First, here's a figure showing government demand or the "government sector" as a share of GDP. Total budgets for federal, state, and local government have been over one-third of GDP. But total government demand for goods and services has actually been falling. Here's Carroll's exposition:
"While it is true that the ratio of government expenditures—including federal, state, and local government—to GDP increased precipitously during the crisis (reaching 21.1 percent in 2009), it has been trending down sharply since. At 19.7 percent as of the fourth quarter of 2011, it has given back 70 percent of its post-crisis increase.
This downward trend is the result of decreasing shares at all levels of government; however, the most significant factor has been cuts at the state and local level. Unlike the federal government share, which currently sits at 15.7 percent, state and local government spending is now nearly 3 percent below its first-quarter 2007 level. Because state and local government accounts for about 60 percent of total government spending, the trend in this component has more weight than the federal component on the overall government share."

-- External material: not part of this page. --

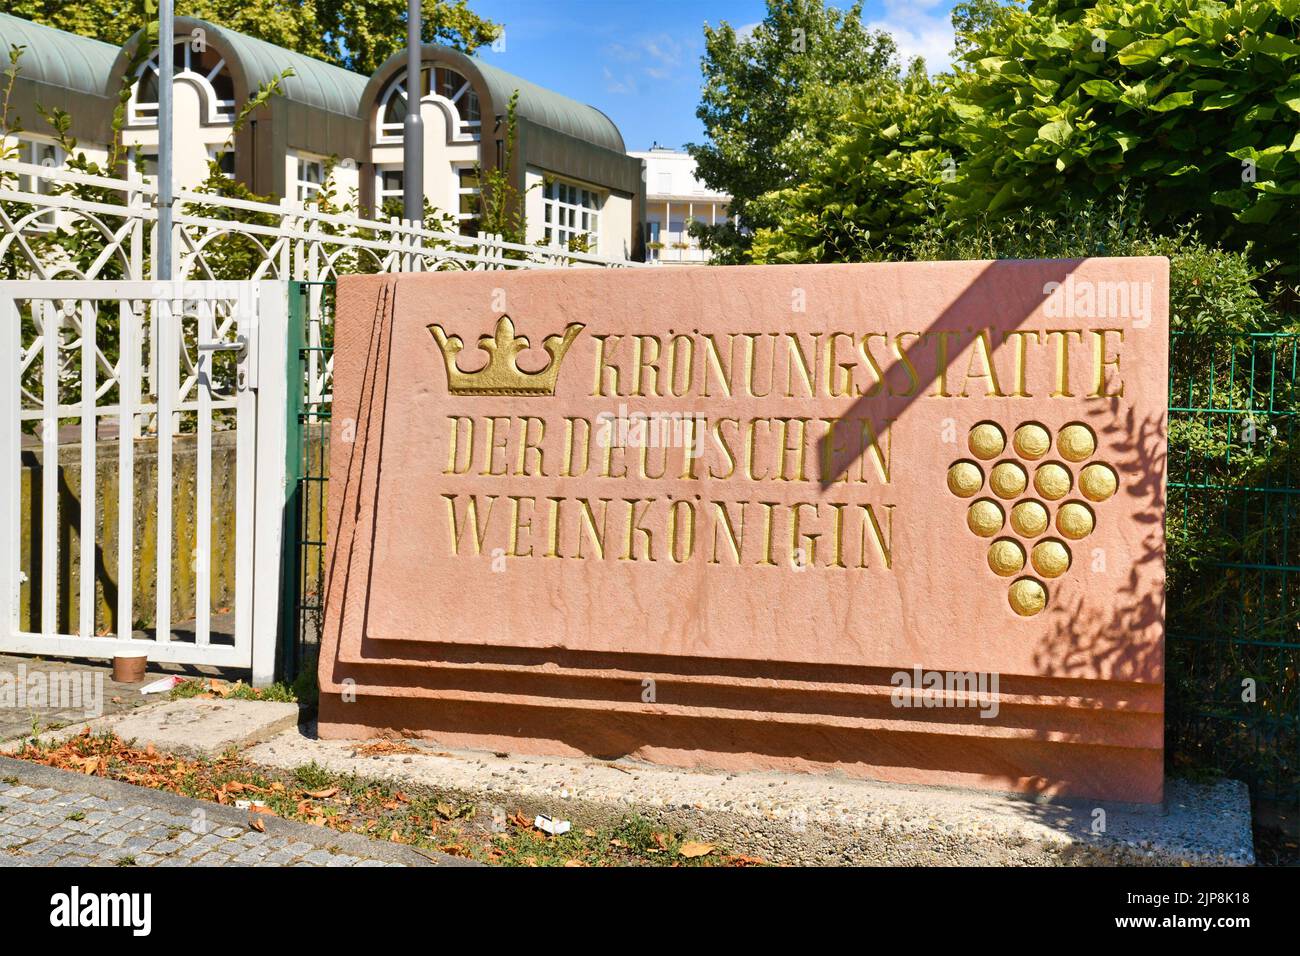 Neustadt an der Weinstraße, Deutschland - August 2022: Schild mit der Aufschrift "Krönungsstadt der deutschen Weinkönigin", einem Vertreter der deutschen Weinindustrie Stockfoto

Carroll also provides a graphs of income transfers by government: again, in the breakdown of GDP into components of aggregate demand, these are allocated to the "consumption"category. Note that this graph isn't directly comparable to the one above, because it starts in 1997 rather than in 1970.
Several intriguing patterns emerge from these graphs:
1) I hadn't known that government spending on goods and services was actually higher in the much of the 1970s than it is today, nor that government demand for goods and services had such a big decline in the 1990s. For those who have a vision of government doing things like building roads, providing education and national defense, enforcing laws, and paying for research and development, government is doing less of those things as a share of the economy now than it was a few decades ago.
2) The recent rise in government transfer payments is extraordinarily large 4%: nearly 4% of GDP during the recent recession, or more than 5% of GDP if one compares from the peak of the business cycle in 2000 to the trough in 2009 and 2010. For comparison, total defense spending in 2011 was 4.7% of GDP. Thus, just rise in government transfer payments has been roughly comparable to total defense spending.
3) One way to look at the government budgets is that tax and other revenues pay for transfers, and borrowing pays for all government demand for goods and services. Carroll writes: ""[G]overnment as a component of GDP does not include transfers; however, transfers greatly exceed tax revenue and nearly exhaust total revenues. This leaves little funding to pay for government consumption and investment, and so the difference must be borrowed."